July 17, 2009
By Vivien Marx
Although rapid advances in sequencing technology are making it tough for bioinformatics developers to stay ahead of the curve, that isn’t stopping them from trying.
At a recent meeting on algorithms for short-read analysis, several speakers noted how much the field has changed in the past year. Dubbed “short-SIG,” the special interest group session held as part of the Intelligent Systems for Molecular Biology conference and European Conference on Computational Biology highlighted new developments in SNP and structural variation discovery, RNA sequencing, metagenomics, assembly, and statistics.
Some topics that were “completely hot” last year, such as alignment and assembly, are “mostly solved” now, the University of Toronto’s Michael Brudno, a meeting organizer, told BioInform. In the case of short-read mapping, “in a year’s time, we went from having almost no tools out there to having 12 or 13, of which almost all are good or very good,” he said.
While last year’s Short-SIG presentations focused on “basic algorithms” for read mapping and assembly, there were more talks this year on polymorphism detection, said Jens Stoye from the University of Bielefeld, another meeting organizer. This is a sign that “the field is maturing, away from technical problems that need to be solved, towards the biological and medical applications,” he said.
Another change over the last 12 months is the increase in read length that second-generation sequencers can produce. “Short reads are no longer as short as they used to be,” Stoye said.
The Illumina Genome Analyzer, for example, which was generating reads on the order of 30 to 40 base pairs last summer, is expected to reach the 100-base pair mark by the end of 2009 — an improvement that may require next year’s meeting to be called “Mid-SIG,” Brudno said.

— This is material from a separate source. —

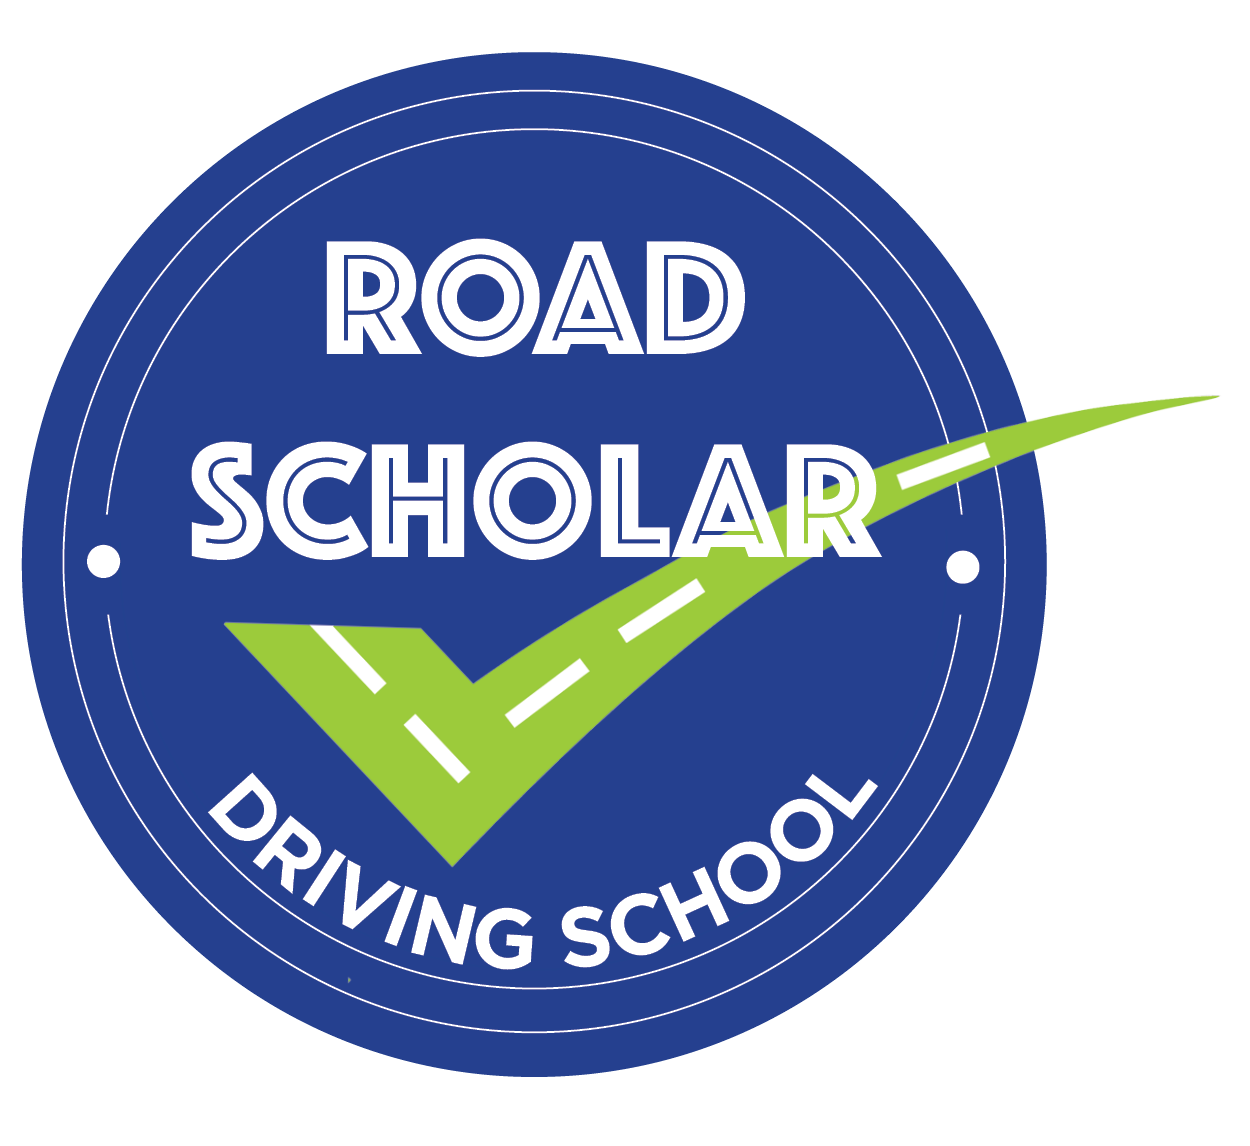 Road Scholar Driving School Office Hours

But while read length growth is a positive development for end-users, Brudno noted that many bioinformaticians who have been focused on developing short-read algorithms over the last year are finding that they “don’t just scale” to longer reads.
In the meantime, developers have been busy creating new tools for short-read analysis challenges. For example, several groups presented new algorithms for splice junction mapping, which “cannot be handled by ‘classical’ read mappers, where by ‘classical’ I mean those from 2008,” Stoye said.
For example, TopHat is a new splice junction mapping algorithm for use with RNA-seq by Steven Salzberg’s group at the University of Maryland’s Center for Bioinformatics and Computational Biology. The scientists reported that it maps close to 2.2 million reads per CPU hour, a pace that will allow processing of an RNA-seq experiment in less than a day on a desktop computer.
Scientists from the University of Kentucky and the University of North Carolina at Chapel Hill presented another splice junction mapping tool called MapSplice, which they claim is faster than TopHat.